Monday, April 29, 2013

Heart Tracks - The Box And The Book

     Mid 20th century British preacher and writer T. Austin-Sparks wrote, "Nobody wants God in a box, just a book.  Especially one bound in leather and gilt."  I've been thinking how really true that is of us.  We pray for "revival" but its generally, consciously or not, a revival that we can manage and direct.  One where an agreeable God listens to our desires and ideas and acts accordingly.  We say we want the God of the Bible, but we want Him to operate more in the confines of that Bible and our understanding of it, than we do in total surrender to His sovereignty and will, even when that will challenges and even destroys many or all of our cherished ideas and notions.  Yes, all things have to be tested according to the authority of scripture, but are we willing to allow Him to take us deeper into His word and our understanding of it than we may be presently walking?

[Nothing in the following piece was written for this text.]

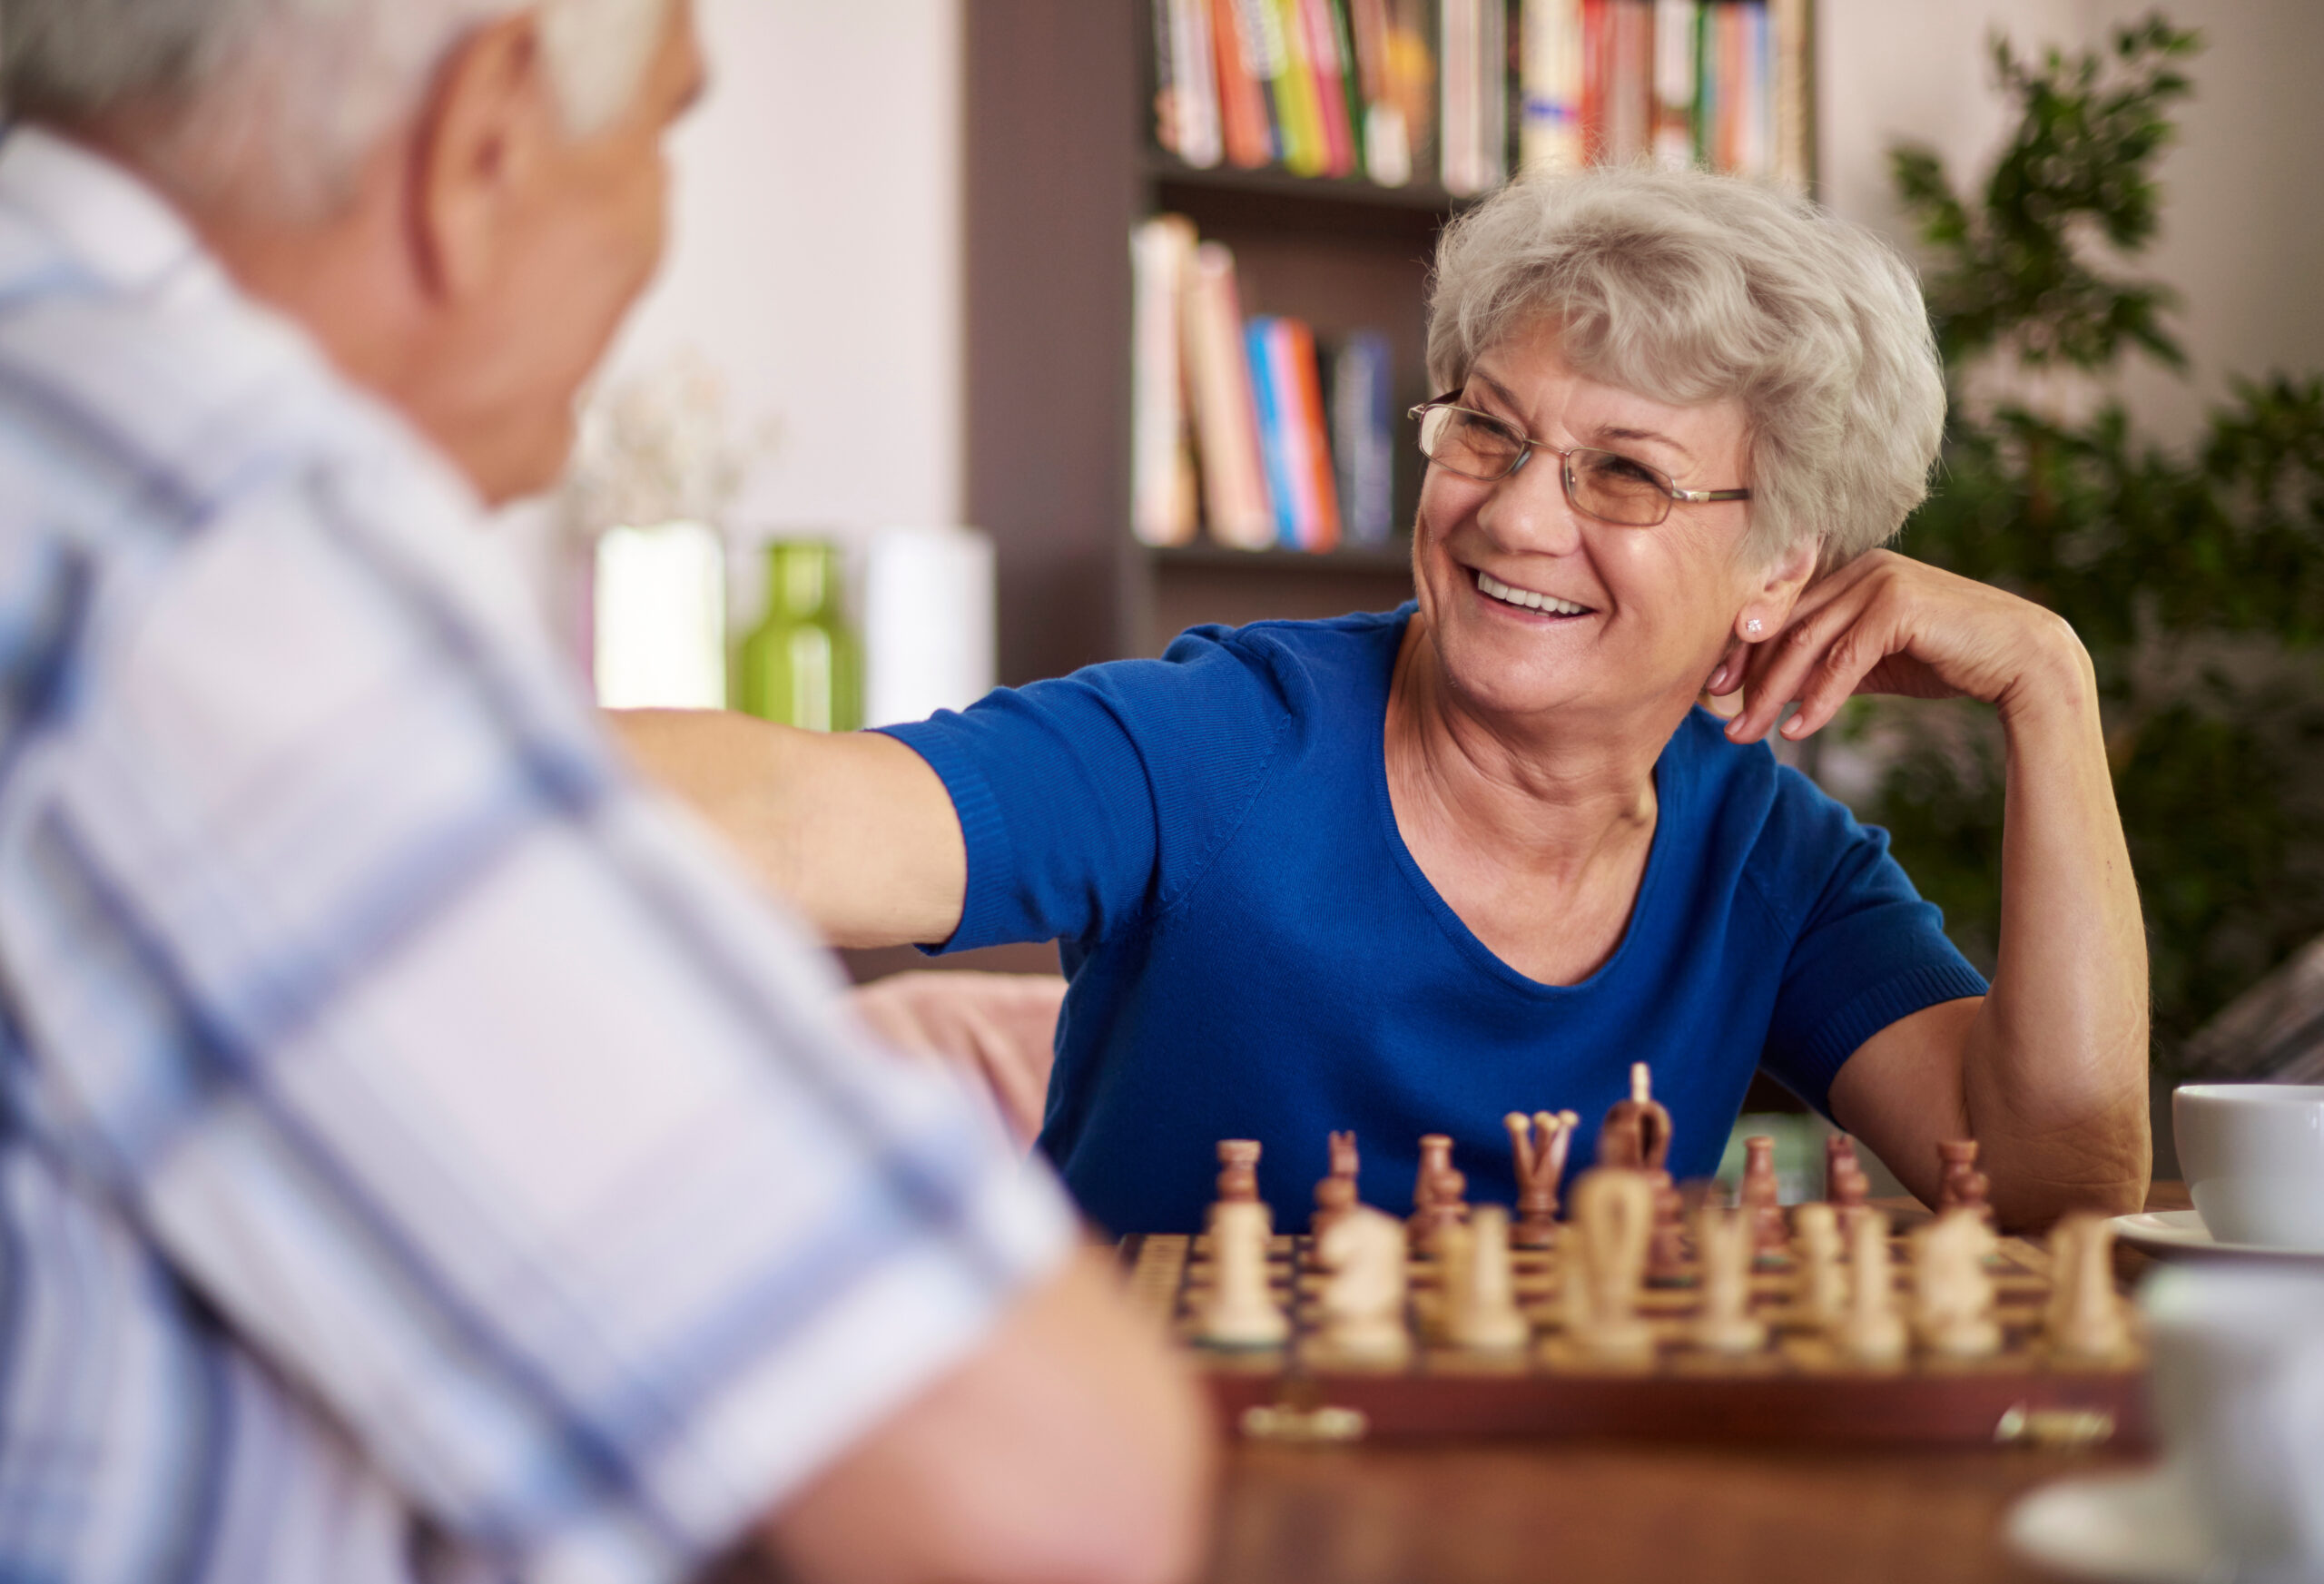 Activity Idea for Dementia: Learning and Playing Chess

    This may sound radical, but I don't think so.  Our biblical examples are many.  Peter encountered God on a rooftop and it was there that all his ideas and understanding about what was pure and what was not, who could know Him, and who could not, were shattered.  Saul, thinking he was doing the Lord's work, encountered Christ on the Damascus road, and there discovered that all he had  based his life on in the end, was contrary to who the Father and the Messiah were.  The transformation was so radical that he was no longer Saul, but Paul, a truly new creation in Christ.  He was willing to follow Christ anywhere, even when the following clashed with ideas and beliefs long held sacred in his life.  Many of us cling to that place in our lives where the Father, in Christ, first revealed Himself to us.  We want to stay in that place of understanding, because it is comfortable and familiar, yet His call to us is always to come further and deeper into His life and the depth of His word.  As Eugene Peterson writes, "There is mystery in the gospel, but it is the mystery of light, not darkness."  The Father always has more to reveal to us about Himself.  What is mystery to us today, He means to be revelation to us tomorrow.  In Matthew 11, Jesus thanked His Father for His having "Hidden these things to the wise and intelligent and have revealed them to infants."  Could it be that so many of us have become very wise and intelligent in our own eyes as to how we see and understand Him, when we need to once more be 'infants" in His arms, going deeper and deeper into His heart and ways?
    Too many of us are like the woman with the issue of blood, willing to touch the hem of His garment, when His calling to us is to lay hold not just of the garment, but of Himself, all of Himself.  We love stories like this and so many others in His word, but somehow, the reality of it all so rarely makes into our day to day experiences.  His word and life stay confined to the Bible we heard preached from on Sunday, or heard shared in the mid-week Bible-study.  We would never say we keep Him in a box, but we're content to leave Him on the shelf with our Bible when we step out into the world we are called to overcome and show forth the power of His life in the midst of.  All the while praying for a tame revival, sent by a tame God through a tame Holy Spirit, in the person of a tame Jesus.  Revival that is orderly, not messy, and follows a pattern established by us, and best of all, changes everything around us, without disturbing too much, anything within us.
    Doctrine, correct understanding of His word is very important, but they, and all else, must be surrendered to the sovereign God who gives us both.  There is always, "So much more for us than this."  Oswald Chambers said, "When we become advocates of a creed, something dies, we do not believe God, we only believe our belief about Him."  He makes "all things new," all the time.  When our deepest desire is to go ever deeper in Him, our understanding and fruitfulness will flourish, and the only limit will be our ability to receive all that He gives.  That ability will only increase as we yield all understanding to Him.  We know He can't be kept in a box, we say it all the time.  May we also come to know He can't be kept in a book, even His book.  He is always exploding outward.